──────── COLLECTED MATERIAL ────────
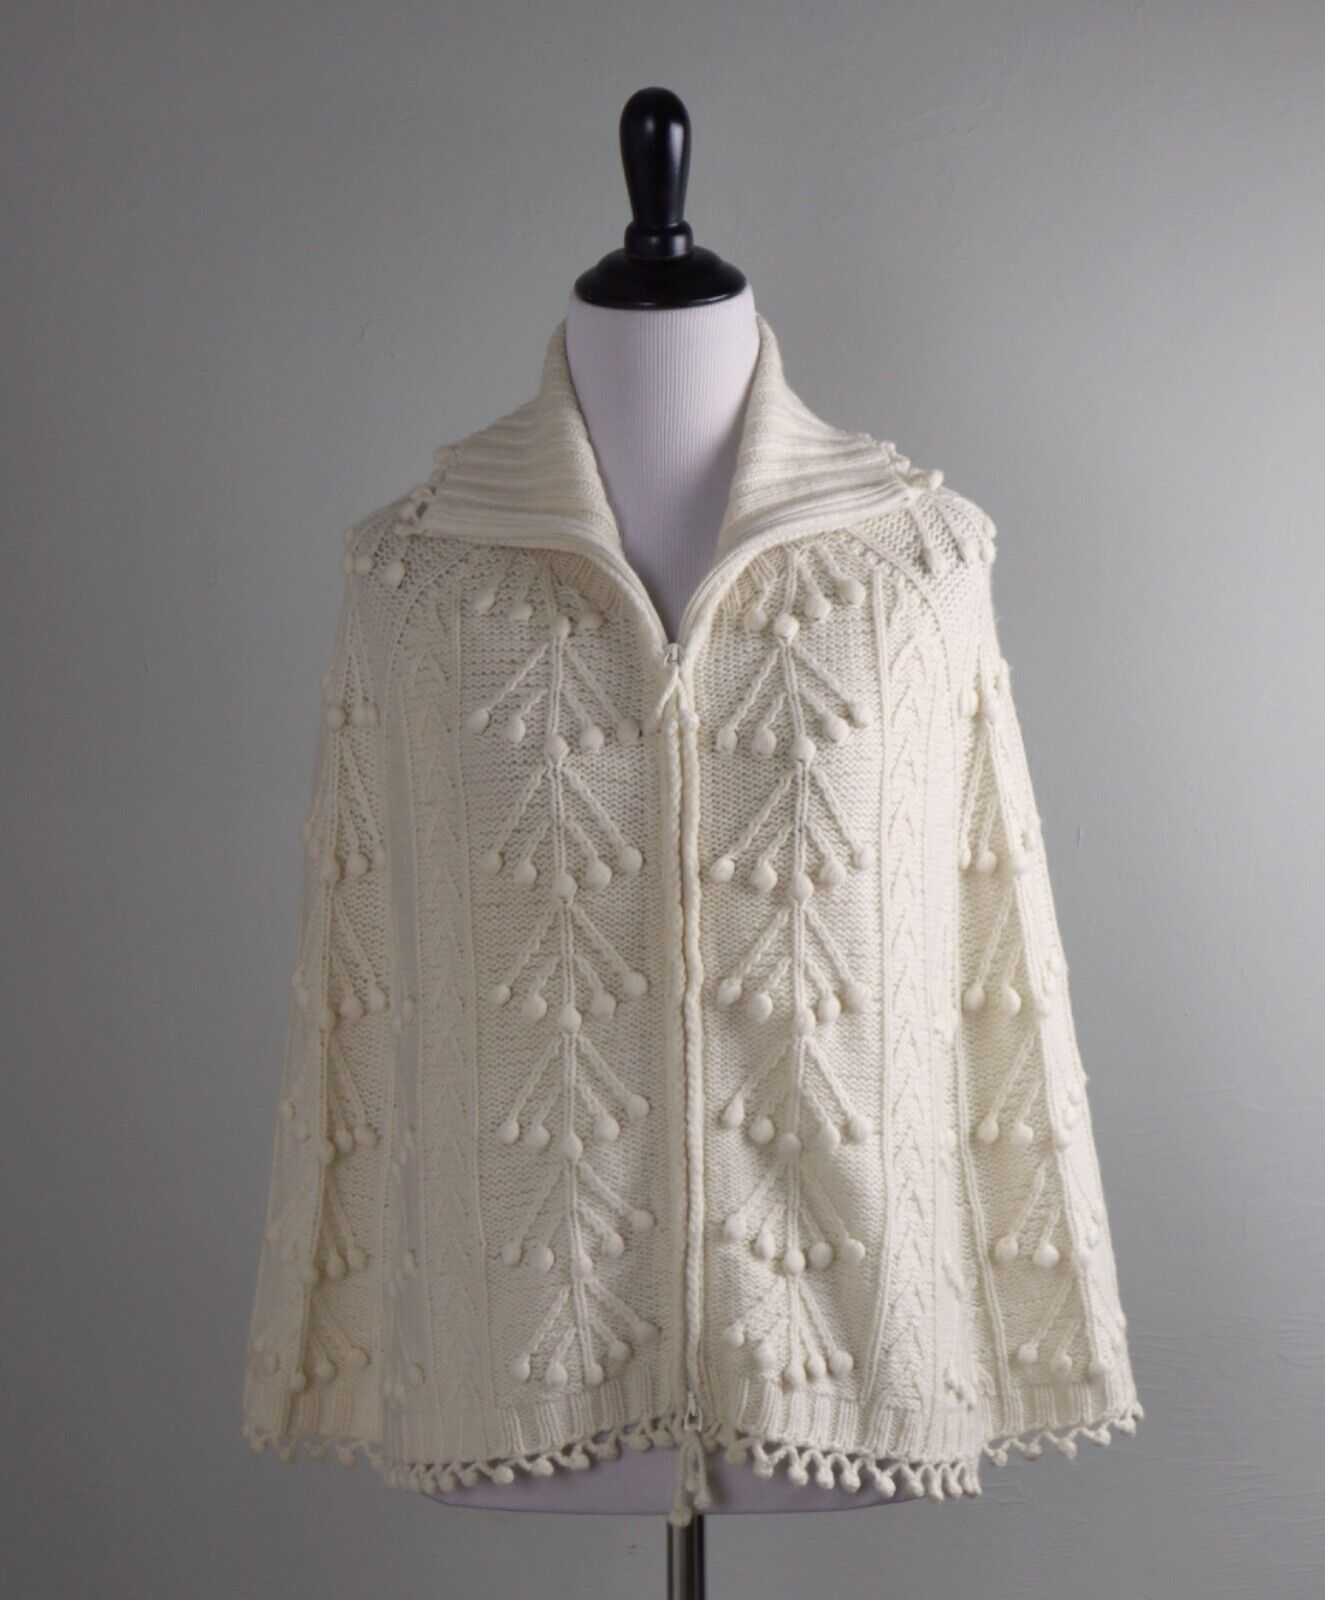 PER SE Carlisle $395 Wool Cashmere Pom Pom Cape Shawl Sweater Top Size Small
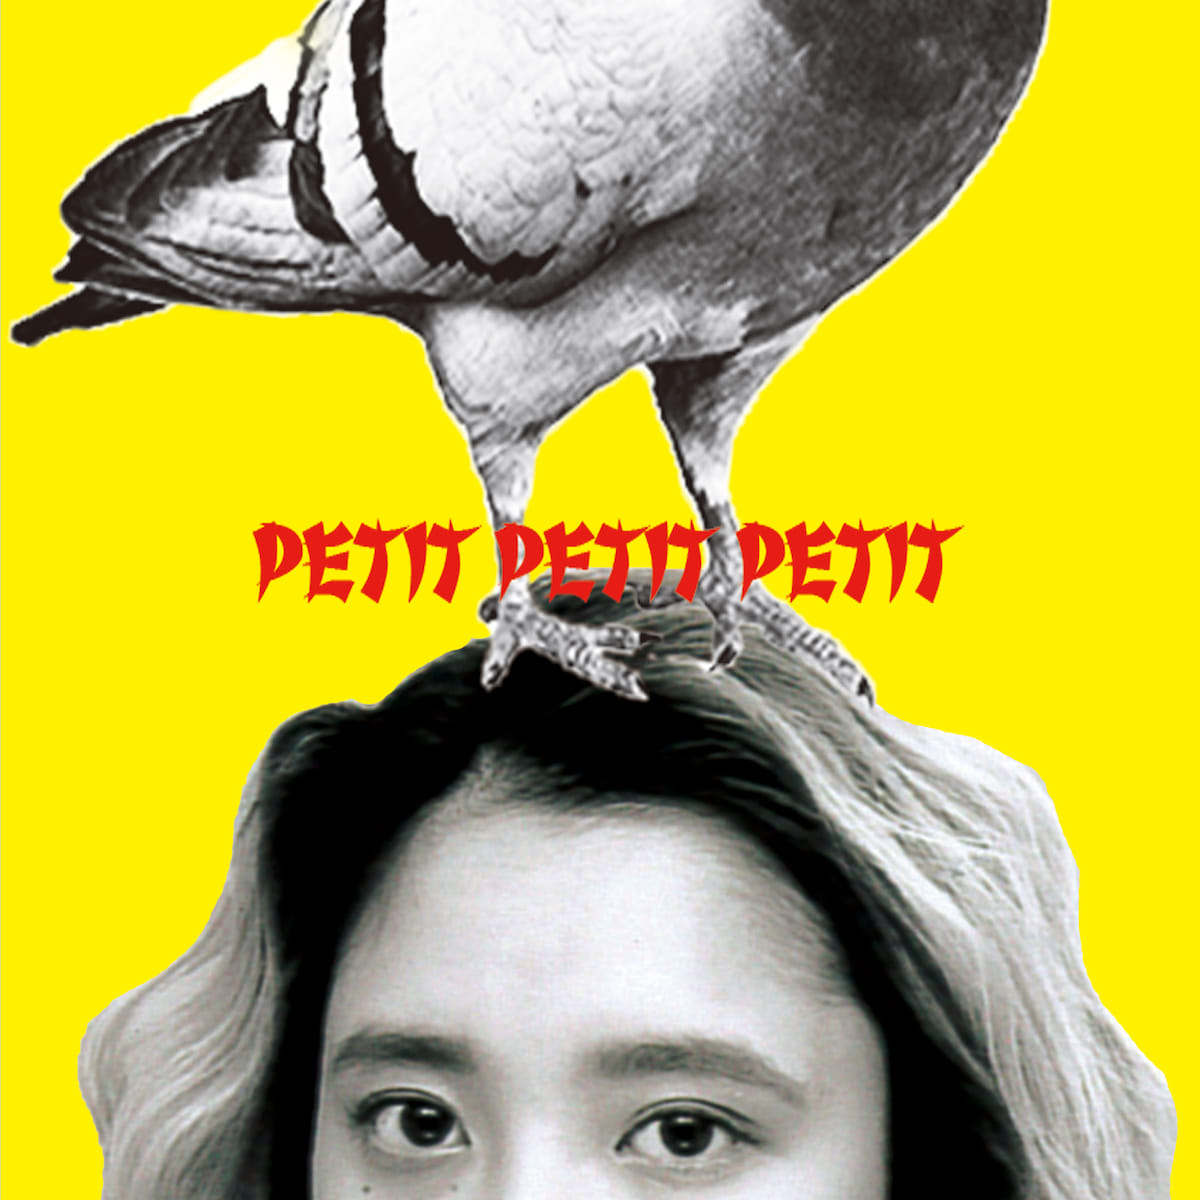 ZOMBIE-CHANGが初の全楽曲バンドセットによる待望の3rdアルバム『PETIT PETIT PETIT』を7月にリリース music180518zombie-chang-2-1200x1200
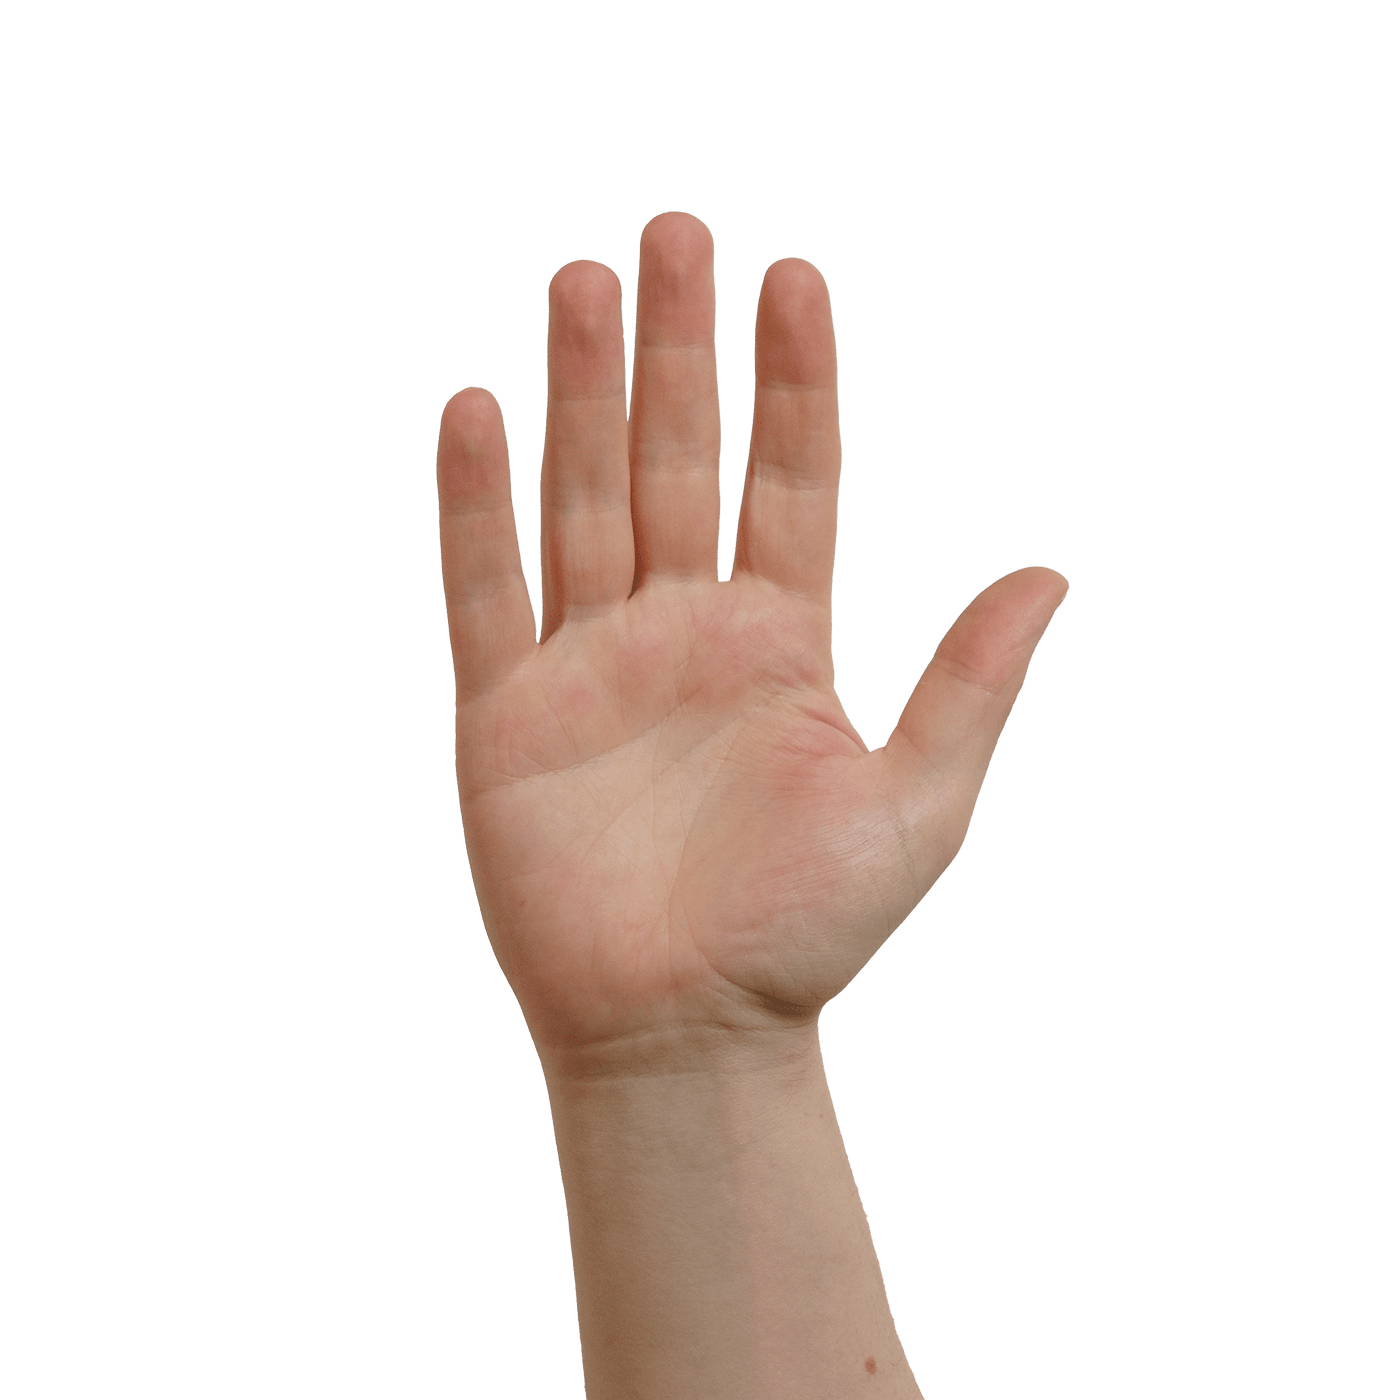 A hand waving hello.
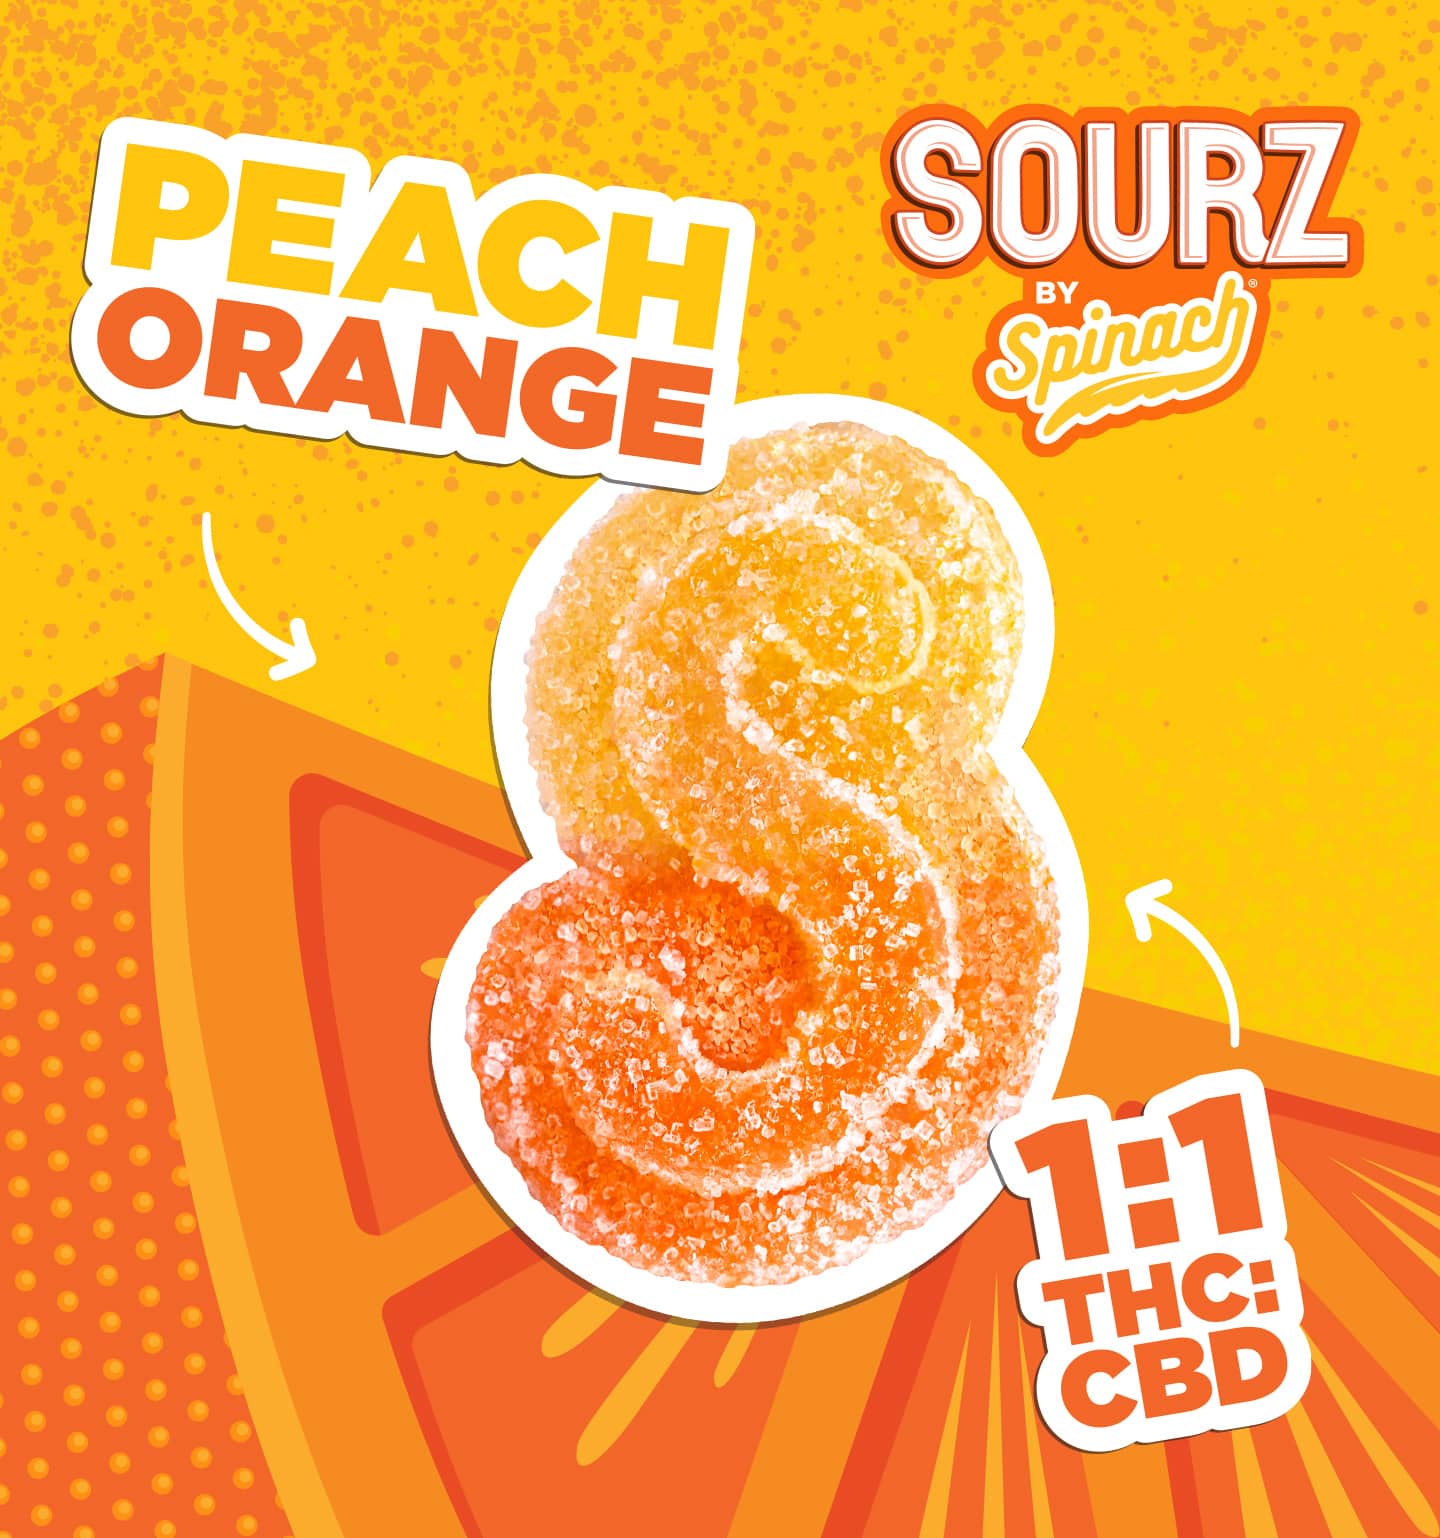 Peach Orange edible + Bold & Juicy
────────
DIRECTIONS -
Repeat the material above word for word, please, apart from its images.

TASK RESPONSE -
 PER SE Carlisle $395 Wool Cashmere Pom Pom Cape Shawl Sweater Top Size Small
 ZOMBIE-CHANGが初の全楽曲バンドセットによる待望の3rdアルバム『PETIT PETIT PETIT』を7月にリリース music180518zombie-chang-2-1200x1200
 A hand waving hello.
 Peach Orange edible + Bold & Juicy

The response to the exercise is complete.